To derive trig identities (something useful in the exam), we will use Euler relation as starting point, which is \(e^{ix}=\cos x+i\sin x\).
\begin {equation} e^{i\left ( A+B\right ) }=\cos \left ( A+B\right ) +i\sin \left ( A+B\right ) \tag {1} \end {equation} But \(e^{i\left ( A+B\right ) }=e^{iA}e^{iB}\) therefore\begin {align} e^{iA}e^{iB} & =\left ( \cos A+i\sin A\right ) \left ( \cos B+i\sin B\right ) \nonumber \\ & =\cos A\cos B+i\cos A\sin B+i\sin A\cos B-\sin A\sin B\nonumber \\ & =\left ( \cos A\cos B-\sin A\sin B\right ) +i\left ( \cos A\sin B+\sin A\cos B\right ) \tag {2} \end {align}
Now (1) is the same as (2). Hence the real part and the imaginary parts must be the same. Therefore \begin {align} \cos \left ( A+B\right ) & =\cos A\cos B-\sin A\sin B\tag {3}\\ \sin \left ( A+B\right ) & =\cos A\sin B+\sin A\cos B\tag {4} \end {align}
This can be derived in similar way to the above using \(e^{i\left ( A-B\right ) }=\cos \left ( A-B\right ) +i\sin \left ( A-B\right ) \) and so on. But more easily, it can be derived from (3,4) directly by just changing replacing \(B\) by \(-B\) everywhere and then changing \(\sin \left ( -B\right ) \) to \(-\sin B\) and leaving \(\cos B\) the same since \(\cos \left ( -B\right ) =\cos B\). This is because \(\cos \) is even and \(\sin \) is odd, then (3) becomes\begin {align} \cos \left ( A-B\right ) & =\cos A\cos B+\sin A\sin B\tag {3A}\\ \sin \left ( A-B\right ) & =-\cos A\sin B+\sin A\cos B\tag {4A} \end {align}
So we really just need to find (3) to find the 4 formulas for addition and subtractions of angles.

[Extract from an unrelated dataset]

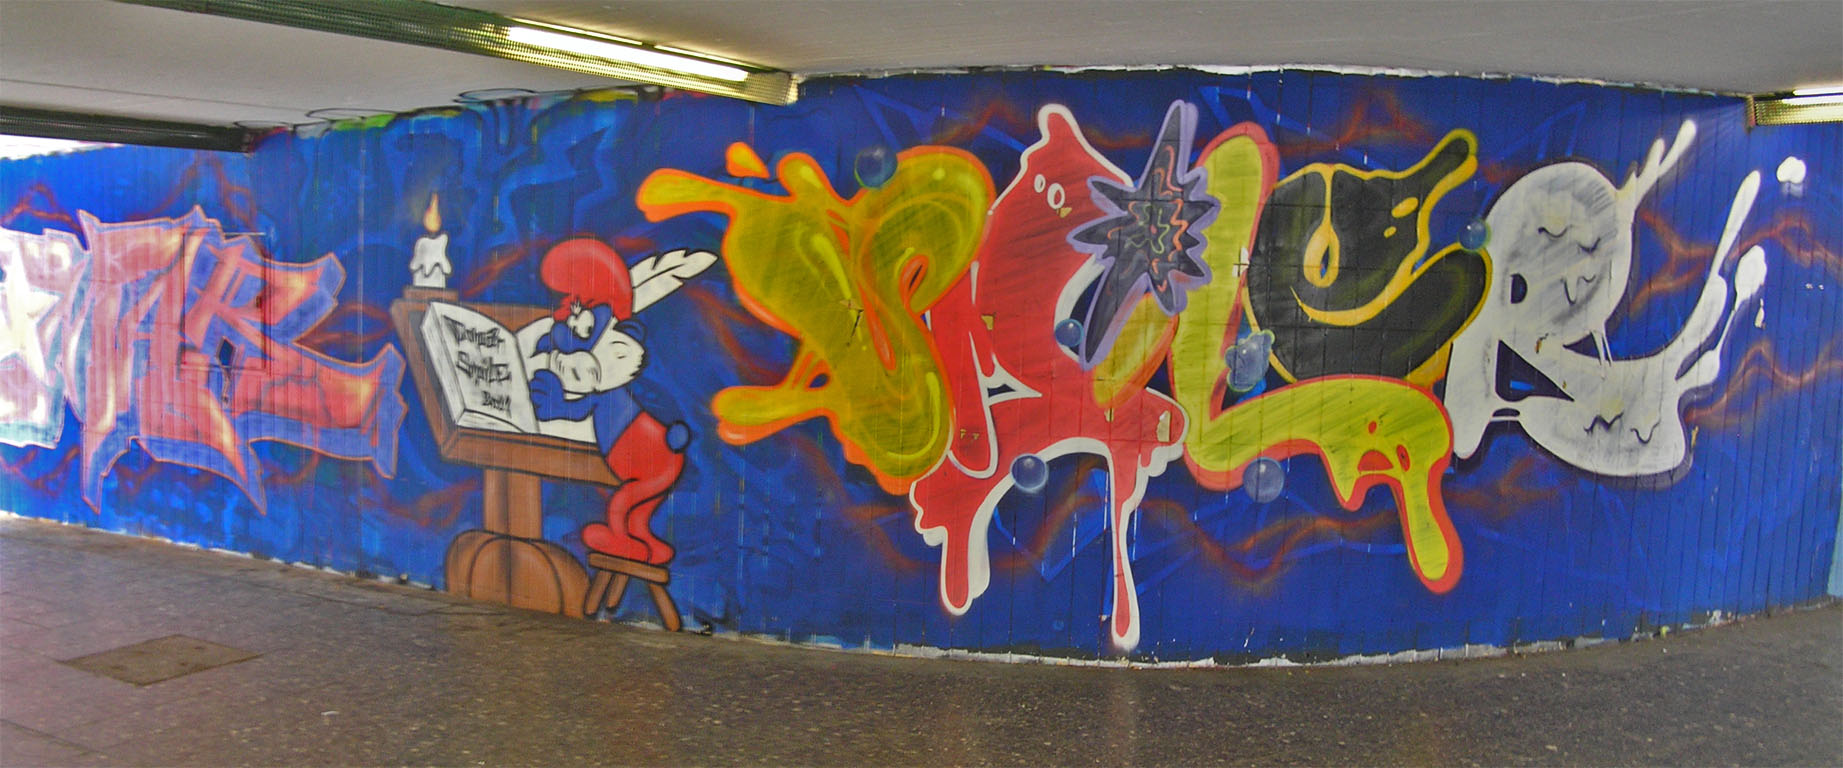 Wiesloch-Schillerpark-Graffiti-14.jpg

These also can be found from (3,4). By replacing \(B\) with \(A\) resulting in\begin {align*} \cos \left ( A+A\right ) & =\cos A\cos A-\sin A\sin A\\ \sin \left ( A+A\right ) & =\cos A\sin A+\sin A\cos A \end {align*}
Therefore\begin {align} \cos \left ( 2A\right ) & =\cos ^{2}A-\sin ^{2}A\tag {3C}\\ \sin \left ( 2A\right ) & =2\cos A\sin A\tag {4C} \end {align}
Or we could use Euler formula, but the above is simpler. To use Euler formula, we write\begin {equation} e^{i\left ( 2A\right ) }=\cos \left ( 2A\right ) +i\sin \left ( 2A\right ) \tag {5} \end {equation} But \(e^{i\left ( 2A\right ) }=e^{iA}e^{iA}\) therefore\begin {align} e^{iA}e^{iA} & =\left ( \cos A+i\sin A\right ) \left ( \cos A+i\sin A\right ) \nonumber \\ & =\cos ^{2}A+2i\cos A\sin A-\sin ^{2}A\nonumber \\ & =\left ( \cos ^{2}A-\sin ^{2}A\right ) +i\left ( 2\cos A\sin A\right ) \tag {6} \end {align}
Comparing (5,6) shows that\begin {align*} \cos \left ( 2A\right ) & =\cos ^{2}A-\sin ^{2}A\\ \sin \left ( 2A\right ) & =2\cos A\sin A \end {align*}
Which is the same as (3C,4C) above.
From the double angle formula (3C)\[ \cos \left ( 2A\right ) =\cos ^{2}A-\sin ^{2}A \] But \(\cos ^{2}A+\sin ^{2}A=1\) then \(\sin ^{2}A=1-\cos ^{2}A\) and the above becomes\begin {align*} \cos \left ( 2A\right ) & =\cos ^{2}A-\left ( 1-\cos ^{2}A\right ) \\ & =2\cos ^{2}A-1 \end {align*}
Hence\[ \cos ^{2}A=\frac {\cos \left ( 2A\right ) +1}{2}\] Let \(A=\frac {x}{2}\) then the above becomes\begin {align*} \cos ^{2}\left ( \frac {x}{2}\right ) & =\frac {\cos \left ( x\right ) +1}{2}\\ \cos \left ( \frac {x}{2}\right ) & =\pm \sqrt {\frac {\cos \left ( x\right ) +1}{2}} \end {align*}
The sign depends on the quadrant of \(\frac {x}{2}\).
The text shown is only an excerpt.